Frequently Asked Questions

Did the model swap cause the recovery, or was it variance?

Honest answer: I don't know with statistical confidence. The recovery started immediately after the swap and the new models address the specific issues I was seeing pre-swap (reasoning quality on multi-step setups, output structure stability), so the causal hypothesis is reasonable. But 30 days of data isn't proof. Three more months of data with consistent behavior under the new stack will give a defensible answer. Today the read is "early positive signal," not "confirmed causation."

Why is the win rate only 46% if the system works?

Because the system is built on asymmetric reward-to-risk, not on high win rate. Average winner $105.19 vs average loser $78.56 means winners are about 34% larger than losers. Win 46% of the time with that ratio and the expectancy stays positive. Win 60% with a 1:1 ratio and the expectancy is identical. The system uses the math that's available — modest win rate, structurally larger winners than losers — rather than chasing the inflated win rates that mark backtest-bait EAs.

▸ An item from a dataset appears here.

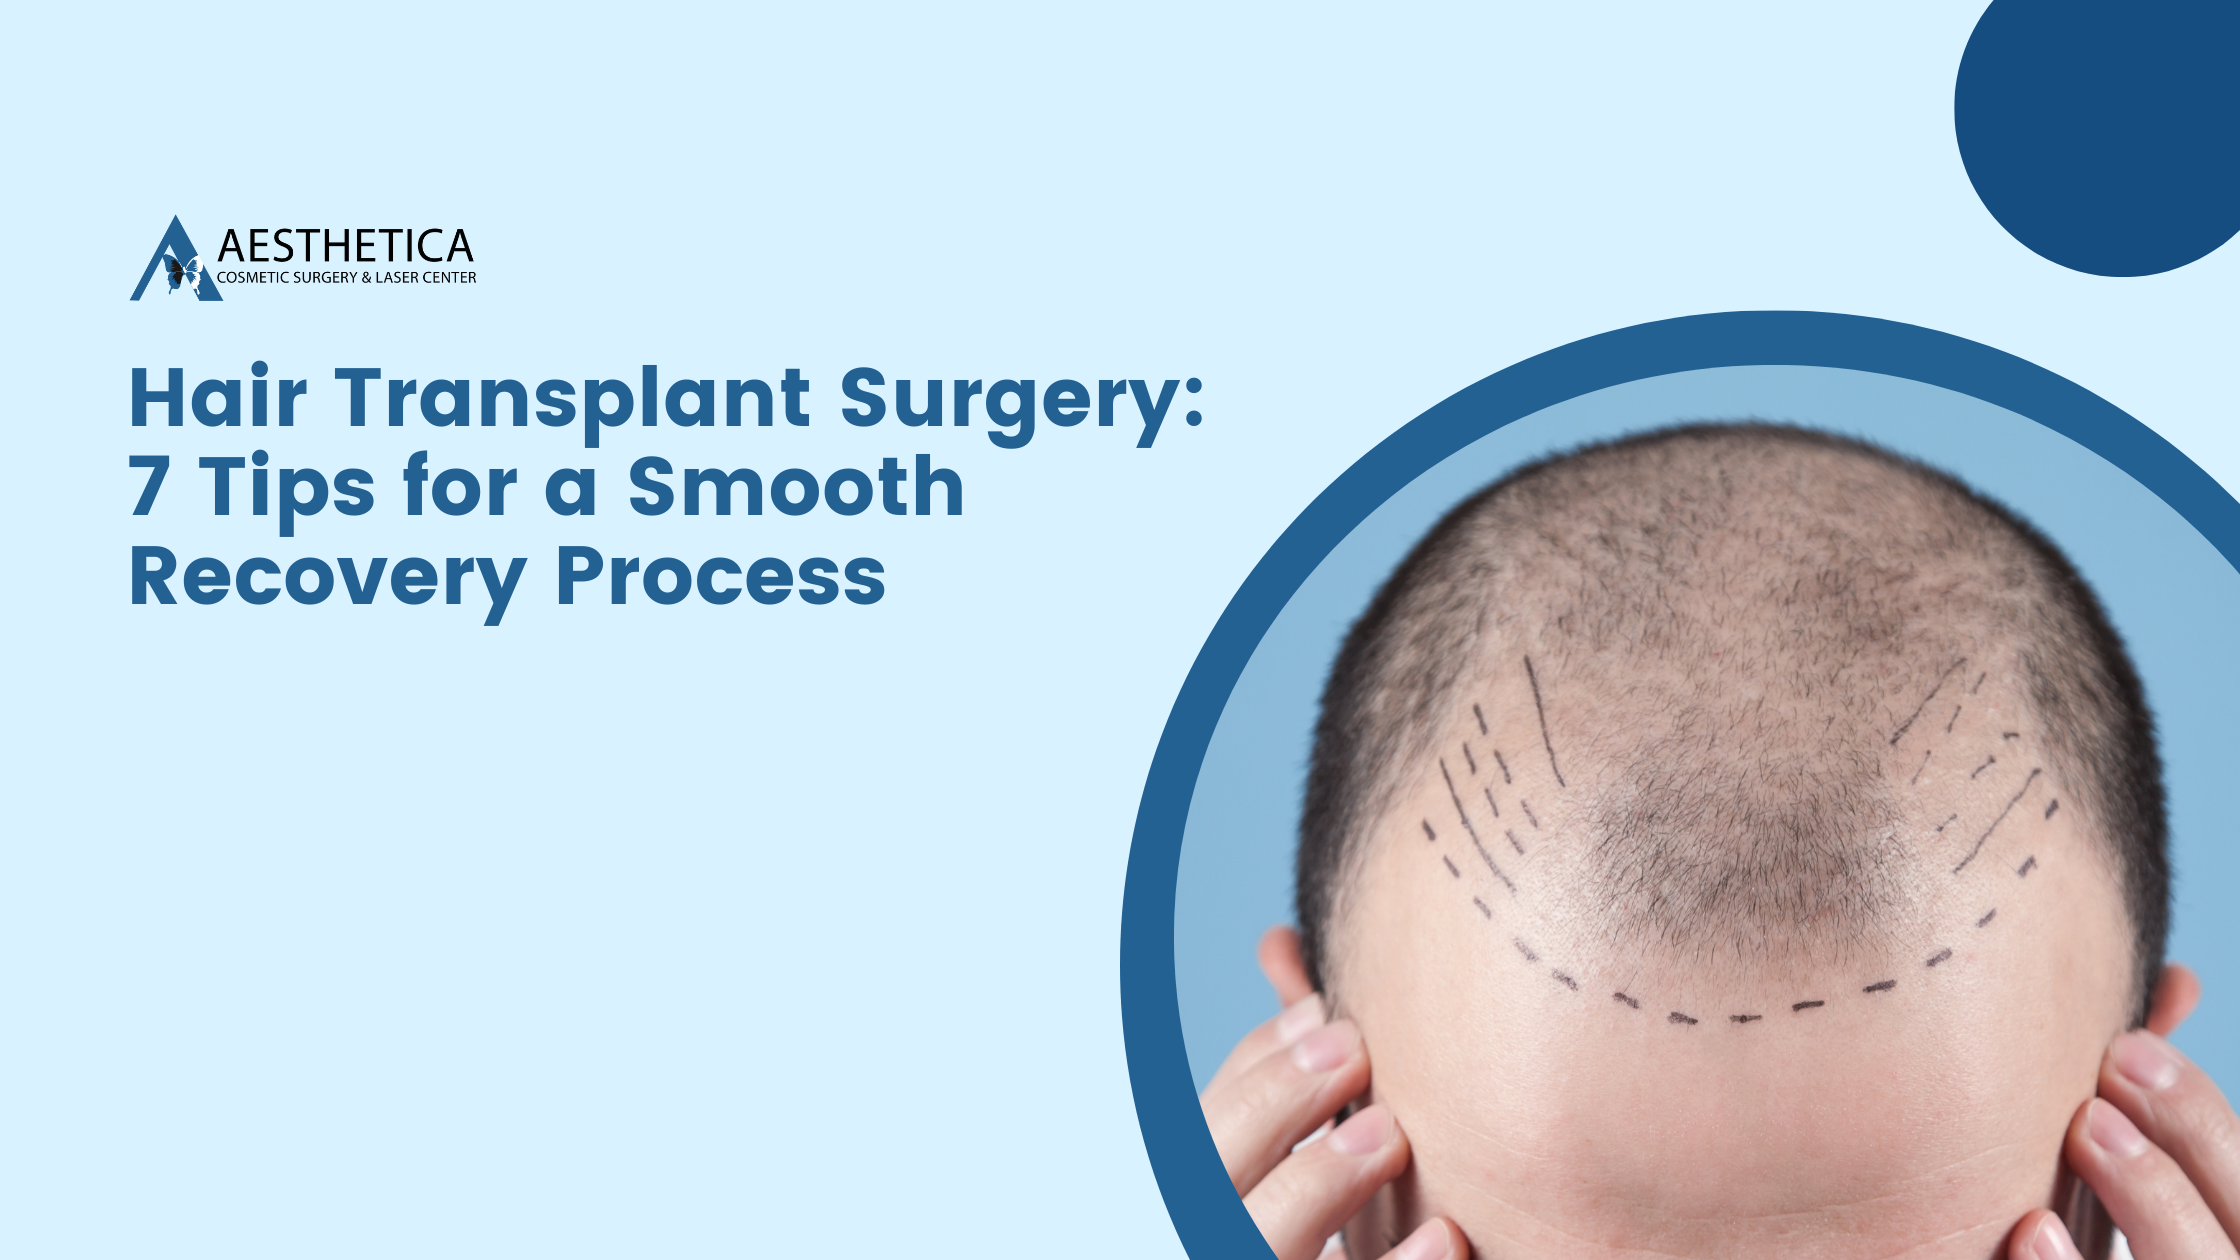 Hair Transplant Surgery: 7 Tips for a Smooth Recovery Process

What does the 14.23% maximum drawdown mean in practice?

That at the deepest point in the account's lifetime, equity was 14.23% below the previous high-water mark before recovering. For context: most prop firm accounts terminate at 10% trailing drawdown. Alpha Pulse AI's risk profile is suited for own-capital accounts or capital allocation programs (like Axi Select) where 14-15% drawdowns are within the normal operating envelope. It's not suited for tight-drawdown prop firm rules.

Which AI model is actually doing the trading decision?

GPT-5.5 handles the primary signal generation (reading market context, identifying setup signatures, producing structured output). Claude Opus 4.7 runs a secondary validation pass on edge cases where the primary model's confidence is in an ambiguous range. The two-model approach reduces false positives on uncertain setups. Both models receive the same structured context engineered by the EA's data layer.

Is the new model stack permanent?

Until the next meaningful model generation. The architecture treats reasoning models as a swappable component — when a new model demonstrates measurable improvement on the validation prompts, the production stack migrates. That's the whole point of having the seven components decoupled: the reasoning layer can evolve without rebuilding the rest of the system.